Когда зрители выходили с фильмов Феллини, мне это было понятно, хоть я из вежливости досиживал до конца. Но когда увидел уходящих ворчунов с «Андрея Рублева», мне они казались грызунами, бегущими с корабля. За моей спиной в зале смеялись над предательством русским князем Владимира на разграбления татарам. Цинично хихикали над этим: «Что же ты, мы же русские!» – «Я покажу тебе, сволочь Владимирская» – и нож в живот соотечественнику… И это, и весь мрак и ужас, но и диалоги иконописцев о грехе, о милости Божией – всё это раскаленным мечом проходило через моё сердце. Я смеялся вместе с маленькой княжной, брызгающейся молоком, и радовался словам Андрея Рублева из Апостола: «Любовь долготерпит, милосердствует, любовь не завидует, любовь не превозносится, не гордится. Не бесчинствует, не ищет своего, не раздражается, не мыслит зла. Не радуется неправде, а сорадуется истине. Все покрывает, всему верит, всего надеется, все переносит. Любовь никогда не перестает, хотя и пророчества прекратятся, и языки умолкнут, и знание упразднится»(1Кор. 13, 4–8). Несколько дней ходил я под впечатлением фильма. Передо мной неслись бешеные захватчики, извивались в адском огне лица предателей, горели иконы в разрушенном соборе Владимира и тихо сыпал снег на тела убитых, звучал колокол, отлитый мальчиком под болтовню латинян, а над всем этим, как итог всего и вся – образ Святой Троицы, где в полном согласии и единстве восседают за жертвенным столом три божественных Ангела неземной красоты.

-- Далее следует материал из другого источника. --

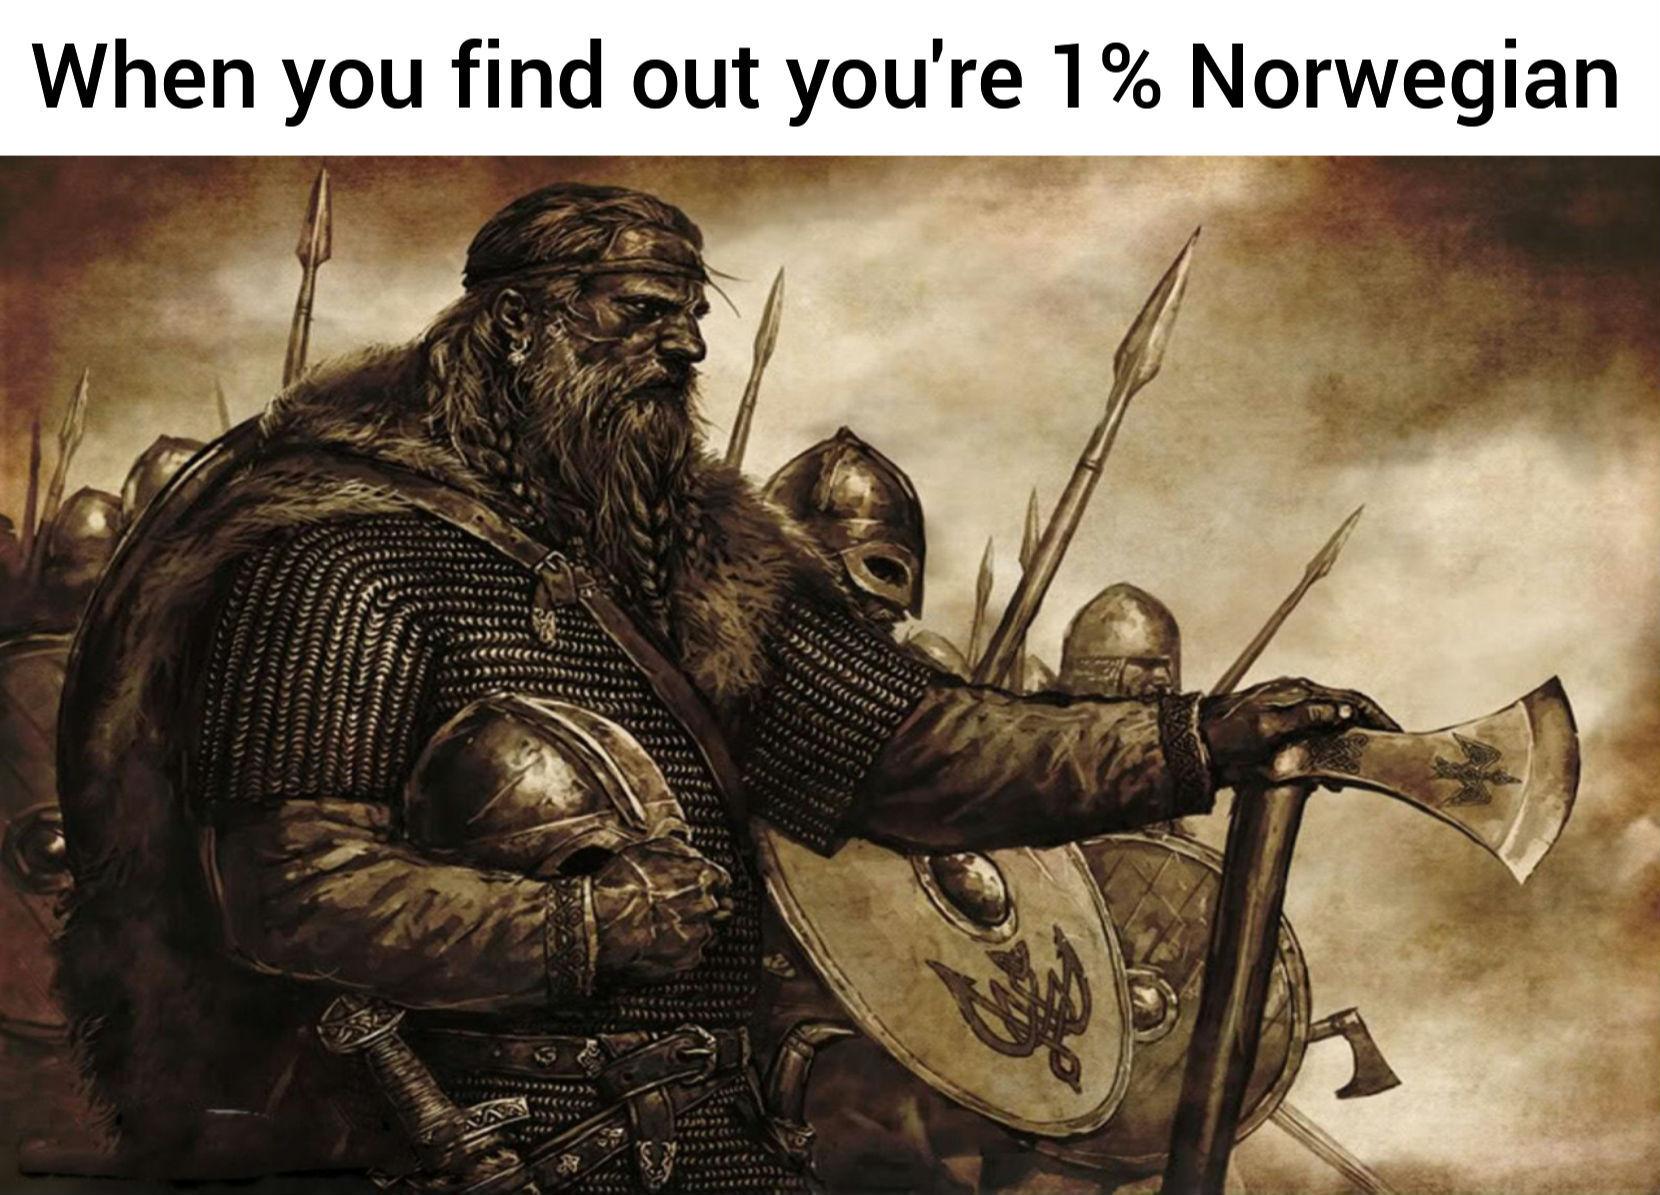 Time to raid England! - meme

Каждый раз после таких потрясений я открывал Библию и жадно вчитывался в дивные слова, взрывающие все ценности окружающего мира страстей, греха, зла, смерти… Но хоть и принимал я умом божественные откровения, хоть радовался каждому слову, – живой Бог каждый раз уходил от меня, скрываясь за сумрачной пеленой моих страстей. И снова, как брошенное дитя, искал я Отца моего и со слезами шел, бежал и полз туда, где во мраке светило Его жилище…
…А потом в Нижний приехали белорусские «Песняры». Их афишами, казалось, был обклеен весь город. Не смотря на то, что они давали по два концерта в день в огромном дворце спорта, билеты в кассах отсутствовали. Разумеется, Олег с помощью отца достал билеты, и мы попали на концерт.
Места у нас были не в партере, что устроили на ледовом поле, а на трибунах, но видимость была хорошая, а уж звук просто потрясающий. Наконец, на сцену вышли музыканты в белых костюмах. Мощный, с огромным лбом и усищами Владимир Мулявин в белом камзоле до пят и хрупкий Анатолий Кашепаров в белых брюках и полосатой национальной тужурке стояли впереди у микрофонов. Сначала нас «разогрели» знаменитыми «Вологда» и «Александрина», потом, конечно, исполнили «Белоруссия» и «Косил Ясь конюшину». Но мы-то знали, что на живых концертах они всегда исполняют нечто необычное, что не пускают на телевидение и не услышишь на пластинках.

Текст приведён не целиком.